The terms used to describe the field are all over the place -- I've seen it referred to as 'cyber infrastructure' (mostly an NSF thing), 'science informatics', etc. Sorry I can't be more specific, as this isn't quite my field. (complaining about the lack of documentation for this sort of thing, yes, but I deal with serving data well after it's been generated).

  • I've played with Kepler and Taverna a little bit, but I don't think they address the problem domain I am considering here. I'm looking for ways to use configuration management tools to automatically and repeatably set up servers to run my simulation- it seems like deploying a workflow management tool would follow after that step. Thanks for taking the time to answer though! – Sharpie Mar 30 '10 at 02:57
  • @Sharpie -- you're right, they don't, sorry if I made it sound like they do. If you're really looking for reproducibility and being able to swap things out, follow the cluster/grid folks, and use VMs so you can just pick up your config and move it. I don't have a good way of automating the setup of the environment, though. (and for some reason, people thought I was crazy when I insisted on being able to script the install of software ... until about the 6th time I had to reinstall it, and I knew I hadn't missed any steps.) – Joe H. Mar 30 '10 at 03:28
  • Aye, I suspect some of us will be using VMs as dev environments- but the production model will have to run on a true installation as we're actually targeting more of a "now-cast" than a forecast. Regardless, a VM would still have to be configured just the same as a true OS. And I hear you on the reinstalls- we mangled the system libraries on the old dev server a couple of times and had to reinstall. Cost us a few days each time- this is part of my motivation for trying to automate the configuration process. – Sharpie Mar 30 '10 at 03:32
  • @Sharpie -- I know there's overhead to VMs, but it'd mean that you could take multiple people's dev environments, and just throw them up on the hardware -- the only problem is if they're developing models that need to interact with each other. You might try asking the question on the AGU's Earth and Space Science Informatics mailing list, or check to see if GEONgrid has a mailing list, as you might manage to find other people who are dealing with this. – Joe H. Mar 30 '10 at 13:28

What linux distribution are you using and what software are you talking about that is "not commonly provided as packages"? It seems to me one way to make automating this step easy is to fix the root problem and get packages made up! This can take a little fiddling, but it makes future admin work much easier for yourself as well as the community.

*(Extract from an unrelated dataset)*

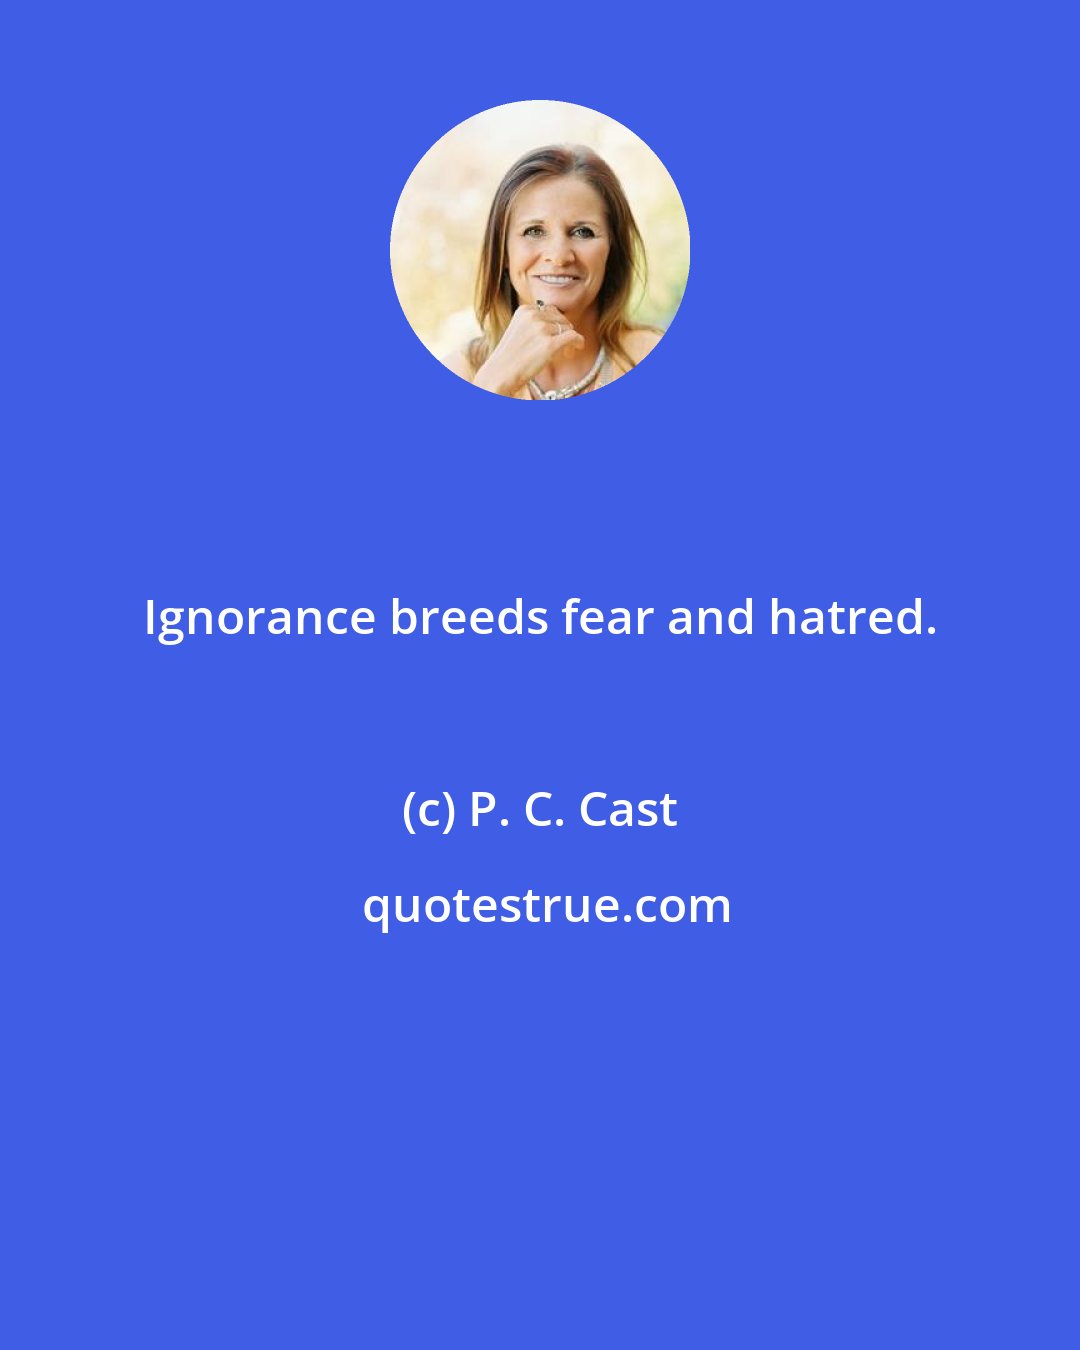 P. C. Cast: Ignorance breeds fear and hatred.

Most packages managers are just series of scripts to sanitize the management of software. In this role they are very adept at scripting the compilation, distribution, installation and upgrading of software. Even if you are not interested in being involved enough to get your software moved upstream, most distributions have ways of making overlays or add on repositories of your own software, and these should be portable.

Your other steps are really basic, just a few lines of script code and those will all come together. The scripts for each step and the ones that string them all together shouldn't be more than a few dozen lines each. The scripts can easily be made to switch between local and internet sources.